Custard Pie Thoughts

When I haven’t blogged for a week there are inevitably too many subjects queued for take-off for me to confine myself to a single theme. I’ll begin with the most recent: custard pies.  Aside from the fact that Rupert Murdoch’s attacker made the police look like plonkers, wasn’t there something sublimely English about the choice of weapon? It could have been a gun or a knife. But it was a custard pie.

Which leads me down two short cul-de-sacs. First, the best way to make a custard pie is with glycerine and shaving foam. It doesn’t sting the eyes and it keeps for several hours. Thought you’d like to know. The other spur line leads to the story of how I infiltrated the Houses of Parliament. Yes, little moi!

I was sent by a magazine to interview Edwina Currie at the House of Commons. It was a good many years ago but certainly since the 1979 bomb that killed Airey Neave so I expected to run the gauntlet of some serious security searches. But what happened was, my taxi drew up at a checkpoint, I waggled a piece of paper, the barrier rose, we drove on and I was decanted into the Palace of Westminster through an unmanned door. I wandered lonely as a… well, a lost hack. Think of the damage I could have done. I mean, over and above the always dangerous act of supplying Mrs Currie with the oxygen of publicity.

The other story that caught my eye this week was the jailing of Charlie Gilmour. He’s already had all his Mum’s journalist pals pleading his cause in the broadsheets but I would just say this: is it really possible that a second year Cambridge history student didn’t know either the identity of the monument he was swinging from or the significance of the Cenotaph? We could have done without the scarred-psyche, absent father defence too. The boy was stupid,  easily led, and perhaps astonishingly ignorant. I’m not convinced prison was a fitting punishment, however. A year scrubbing war graves sounds about right to me.

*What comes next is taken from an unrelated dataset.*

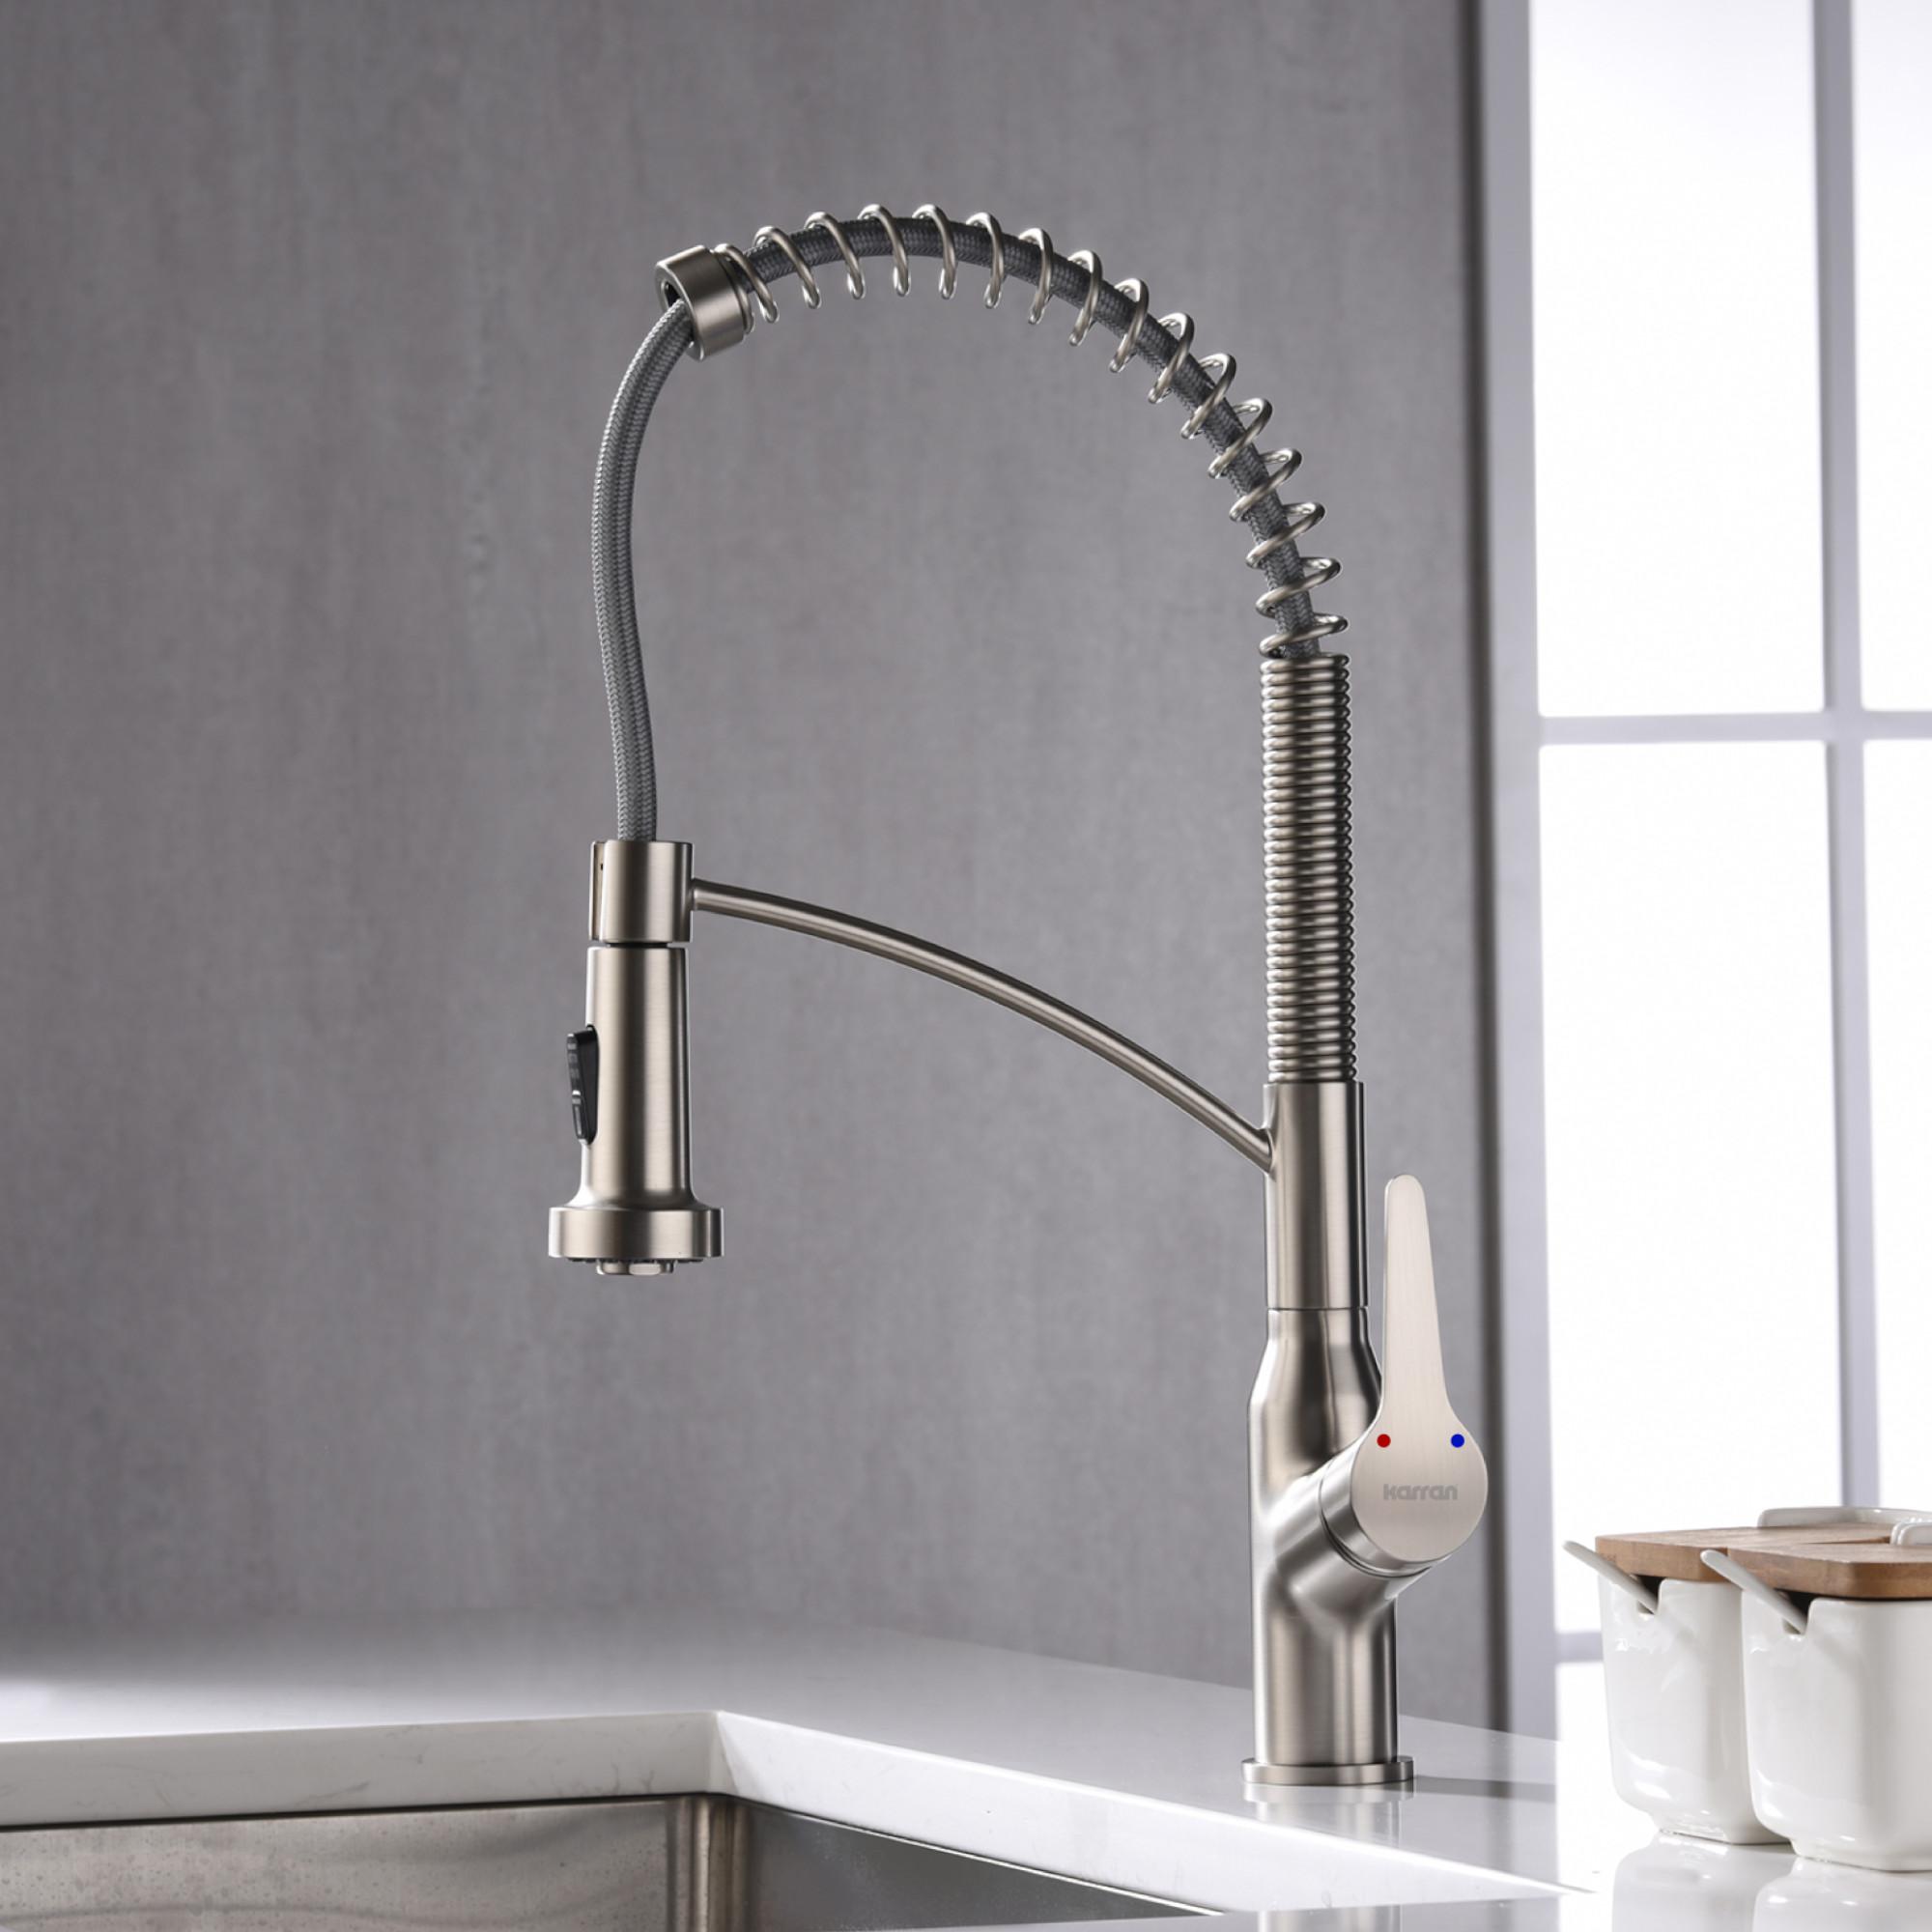 Karran Scottsdale Single Lever Handle Lead-free Brass ADA Kitchen Faucet, Pull Down, Stainless Steel, KKF210SS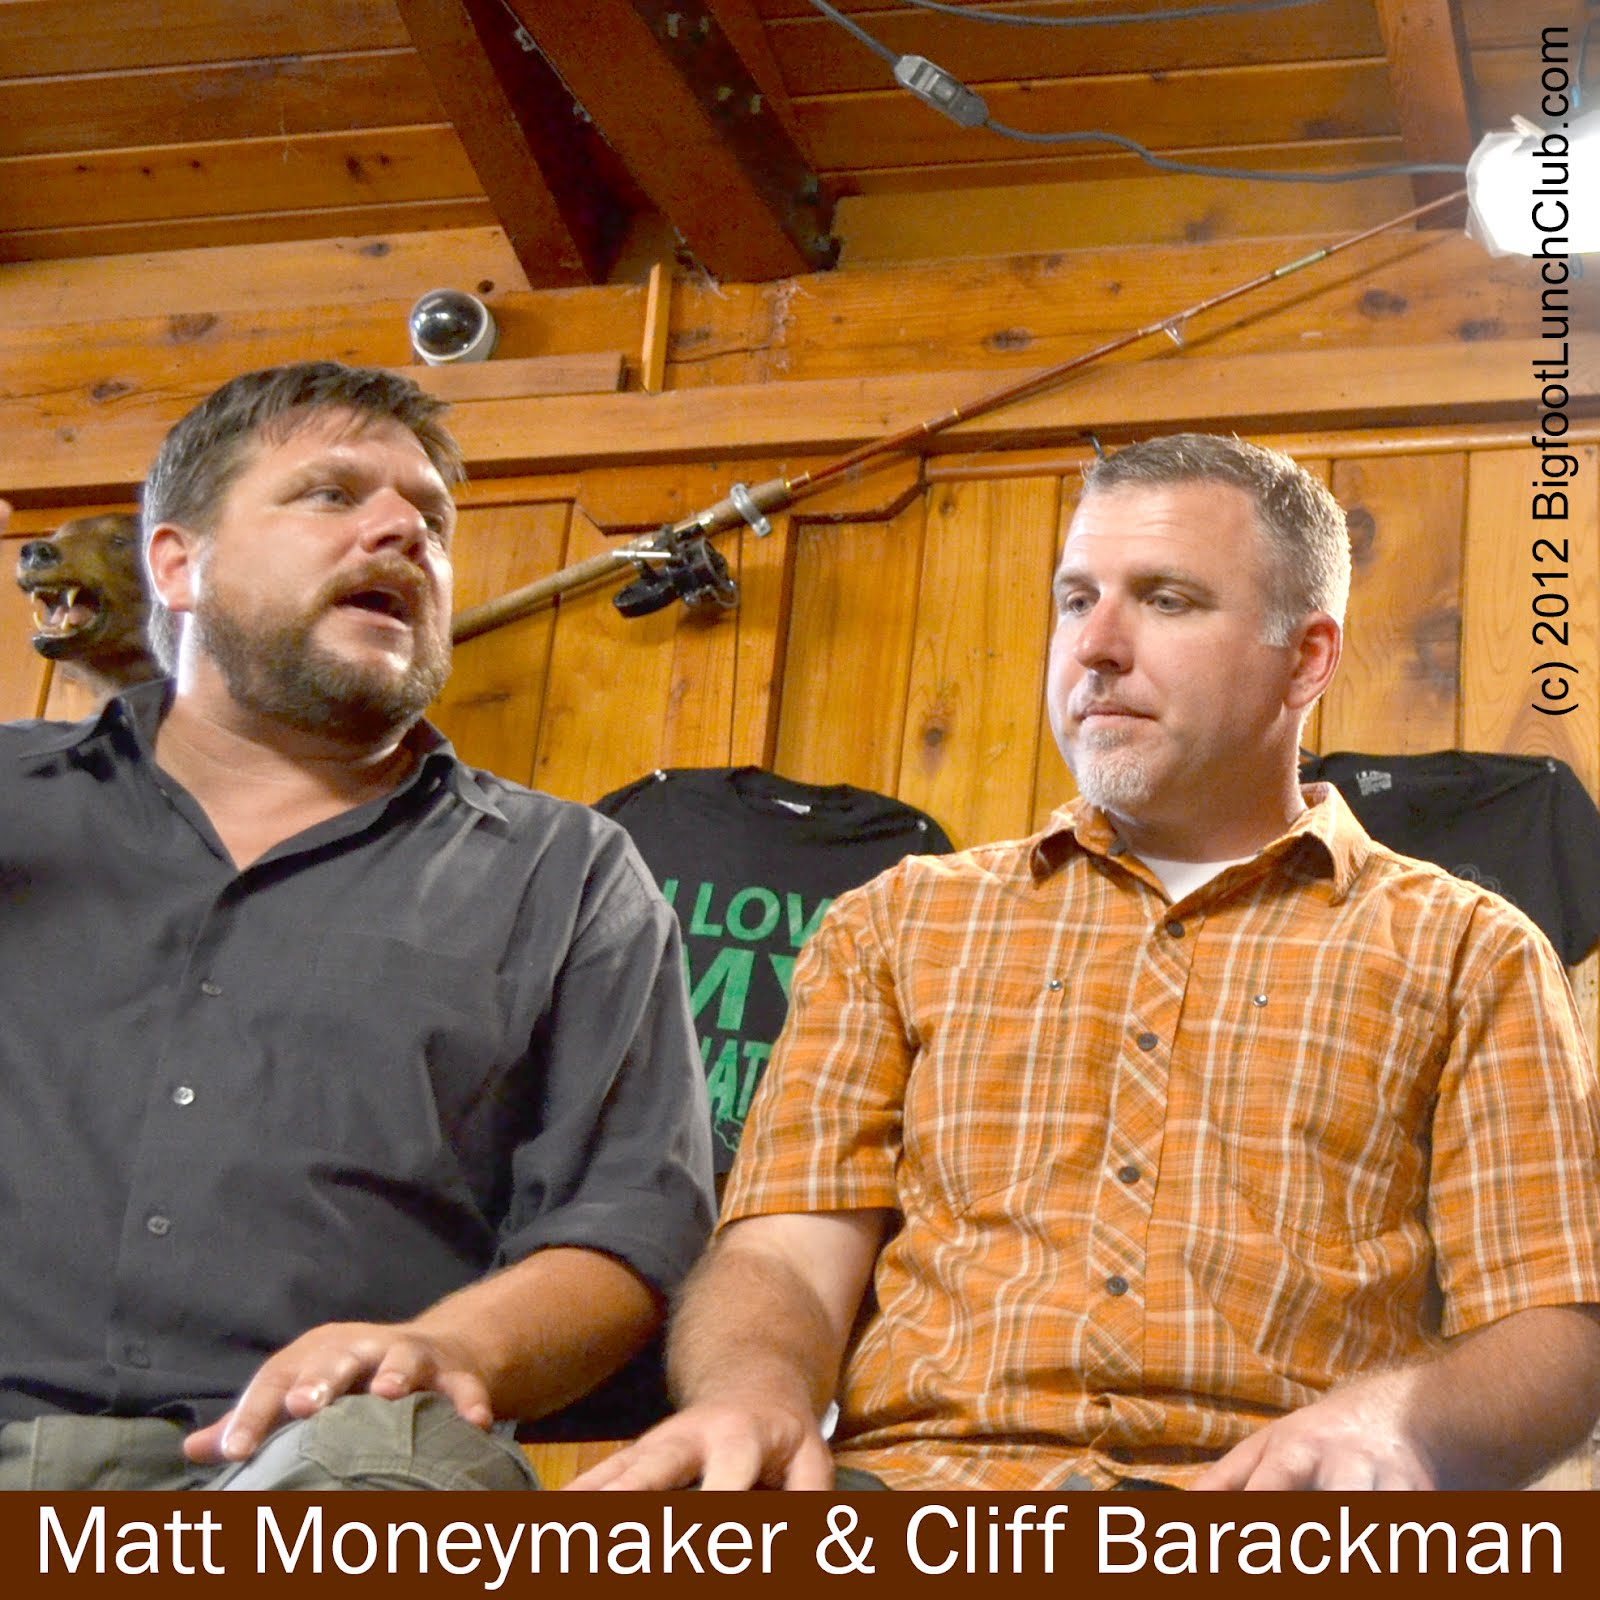 Bigfoot News Lunch Club Finding Celana Pendek Motif Tartan Blx510 New York Times How To Hunt

And yes, I had a lovely time in Harrogate, thank you for asking. Harrogate is so gentle and elegant it would be hard not to. Just one complaint. I think Betty’s Tea Rooms should cease and desist making things like Parmesan biscotti and concentrate on reintroducing nice smiley waitresses. The exasperated teenager who wiped a damp rag over our table definitely failed Charm School.